Cocktails—Drink Wisely!
The good news: Happy hour is not off-limits! But alcohol can affect blood sugar in different ways than other carbs or sugars do. Anyone taking insulin or medicines that cause low blood sugar should ask their diabetes care provider about how her cocktail of choice could affect her health. Otherwise, follow the American Cancer Society's and American Heart Association's standards—one drink a day for women and up to two drinks for guys. And don't forget, liquid calories count, too. 

Salt—Be Wary! 
In general, less is more when it comes to sodium for diabetes, as too much sodium is linked to high blood pressure, high cholesterol, and heart disease. But it's a controversial topic because just how much less is still unclear: The Centers for Disease Control and Prevention recommends adults consume no more than 2,300 mg of salt a day—and no more than 1,500 mg per day for people with diabetes. Yet the ADA recommends no more than 2,300 mg per day unless you have hypertension, in which case you should talk to your doctor. Whichever guideline you're following, ease up on the saltshaker and pick fresh, unpackaged whole foods when possible.
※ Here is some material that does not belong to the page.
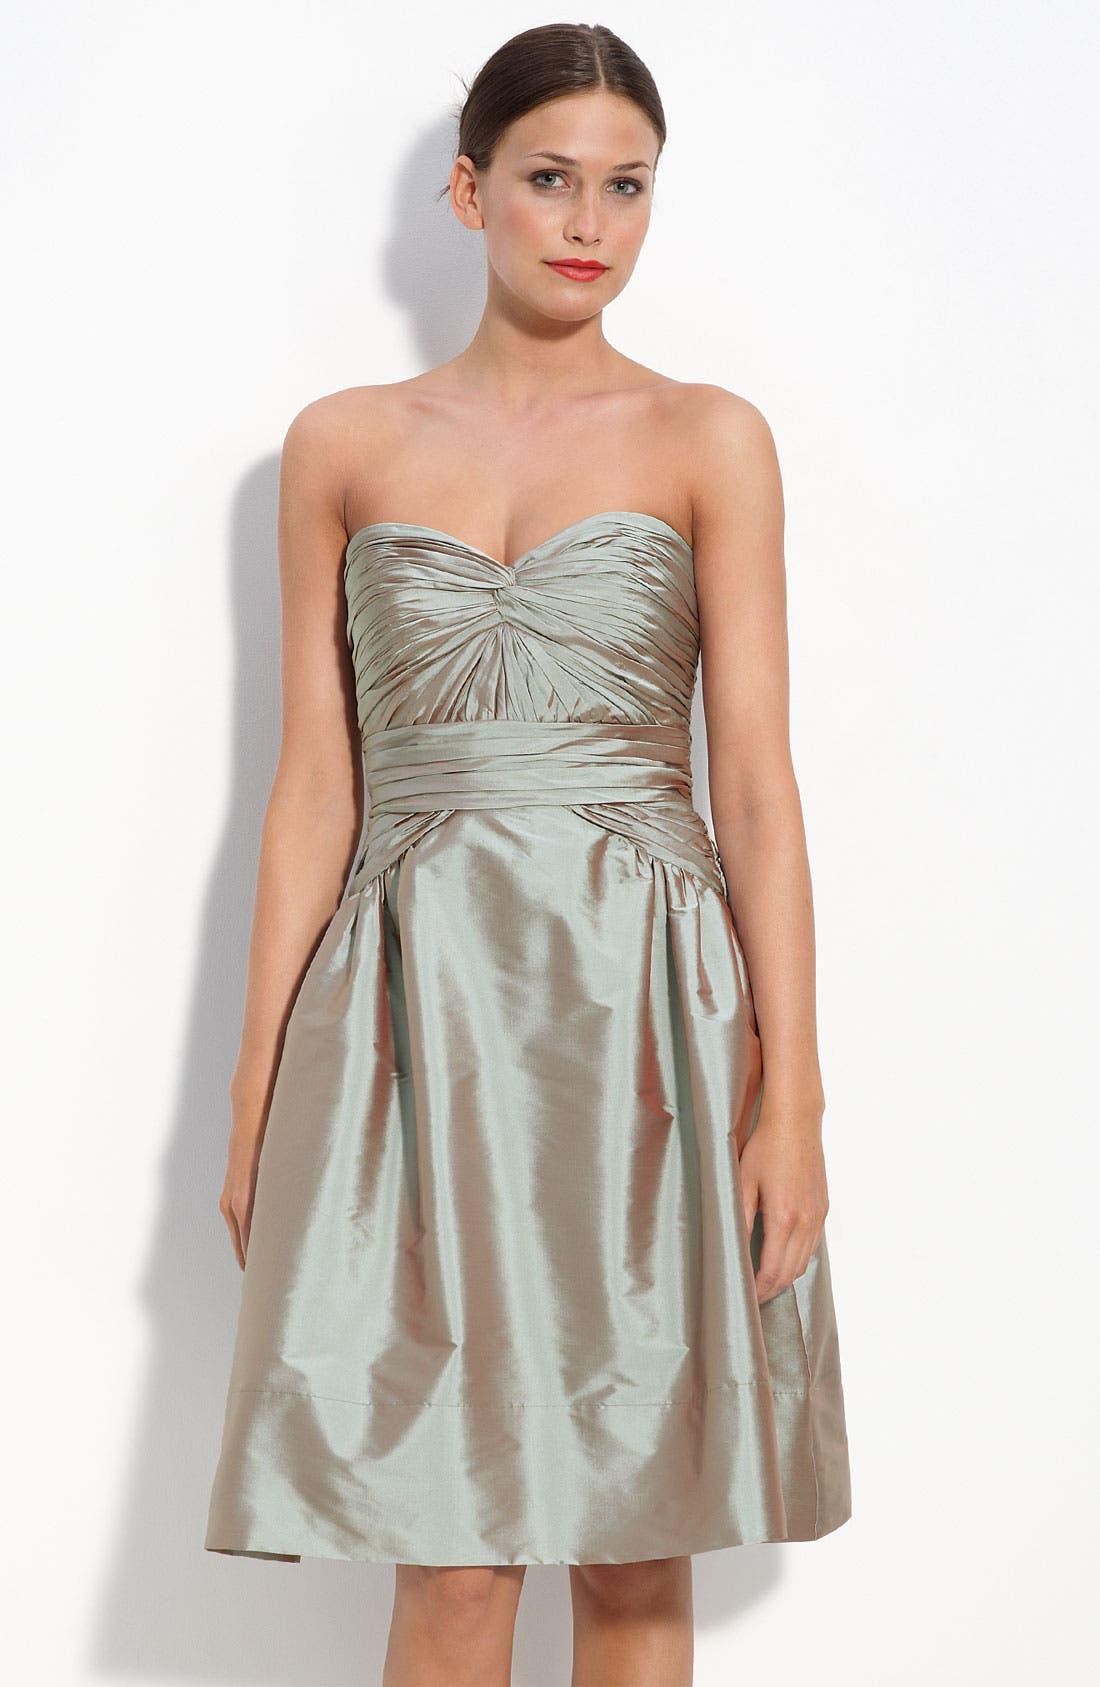 MONIQUE LHUILLIER BRIDESMAIDS,                             ML Monique Lhuillier Bridesmaids Strapless Taffeta Dress,                             Main thumbnail 1, color,                             953

Jellies, Jams, Preserves, and Fruit Juices—Skip!
Don't be fooled by any of these labeled "all natural," "real fruit," or "organic." Jellies, jams, preserves, and fruit juices are usually chock-full of extra sugars, carbs, and calories with few or no nutrients. Plus, fiber is generally negligible, so these carbs can quickly send blood sugar levels through the roof. Pick whole fruits over these imposters, as they're typically more nutrient-packed and higher in fiber, which sends a "full" signal to your brain and slows how fast the broken-down sugars get to the blood.